Pig butchering, a type of scam that overlaps between romance and investment scams, is a vastly lucrative scheme that has enabled scammers to steal hundreds of millions of dollars over the last few years around the world. However, the true cost of pig butchering scams is difficult to quantify because of many factors: the blurred lines between these two types of fraud; an inability to view and analyze transactions made on attacker-controlled platforms and mobile apps; and lack of reporting from victims of pig butchering scams due to shame and embarrassment.

This is the second part of a two-part blog series that details my firsthand research into these scams from late 2022 to early 2024. The first part was a primer on what pig butchering is and how these pig butchers target users on various online platforms. In this second part, I detail the types of financial fraud the scammers use to steal money from their victims, which includes falsified cryptocurrency investments.

As part of my investigation into these pig butchering scams, I tracked multiple cryptocurrency addresses, a unique identifier tied to a digital wallet containing cryptocurrency tokens, shared with me by scammers operating fake cryptocurrency platforms.
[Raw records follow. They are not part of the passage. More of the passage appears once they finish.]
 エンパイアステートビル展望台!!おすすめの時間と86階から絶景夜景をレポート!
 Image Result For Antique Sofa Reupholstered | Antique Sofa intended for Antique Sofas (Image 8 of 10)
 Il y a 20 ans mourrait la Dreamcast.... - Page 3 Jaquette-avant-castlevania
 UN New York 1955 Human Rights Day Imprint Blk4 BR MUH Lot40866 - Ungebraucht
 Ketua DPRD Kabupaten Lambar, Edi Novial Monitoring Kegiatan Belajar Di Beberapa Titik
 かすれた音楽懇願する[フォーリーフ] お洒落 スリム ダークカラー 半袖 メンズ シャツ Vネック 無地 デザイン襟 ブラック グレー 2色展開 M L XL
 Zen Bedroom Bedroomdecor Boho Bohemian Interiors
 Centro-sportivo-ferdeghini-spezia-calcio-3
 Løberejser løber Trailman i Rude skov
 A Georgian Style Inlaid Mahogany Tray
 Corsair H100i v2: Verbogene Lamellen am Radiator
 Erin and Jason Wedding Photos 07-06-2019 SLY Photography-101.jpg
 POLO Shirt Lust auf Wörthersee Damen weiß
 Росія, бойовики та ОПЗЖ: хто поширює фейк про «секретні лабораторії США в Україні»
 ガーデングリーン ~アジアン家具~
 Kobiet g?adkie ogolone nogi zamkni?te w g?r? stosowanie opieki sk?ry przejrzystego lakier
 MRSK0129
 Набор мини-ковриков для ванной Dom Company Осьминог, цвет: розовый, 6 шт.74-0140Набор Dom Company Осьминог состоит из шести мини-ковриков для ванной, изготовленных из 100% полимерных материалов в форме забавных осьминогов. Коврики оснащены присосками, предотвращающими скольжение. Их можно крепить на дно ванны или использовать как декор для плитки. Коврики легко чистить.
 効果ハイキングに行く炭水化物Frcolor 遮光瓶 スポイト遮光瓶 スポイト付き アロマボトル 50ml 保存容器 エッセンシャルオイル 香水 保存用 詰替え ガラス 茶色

Based on my analysis, I can say with high confidence these scams were associated with losses totaling nearly $13 million dollars. That said, I believe this is a conservative estimate and that the true losses incurred during the time I monitored these scams were much higher. That’s because there was a web of cryptocurrency addresses that showed a greater volume of cryptocurrency and stable coins being transferred between cryptocurrency addresses that I couldn’t independently verify.

Table of Contents

What are the methods pig butchers use to steal money from users?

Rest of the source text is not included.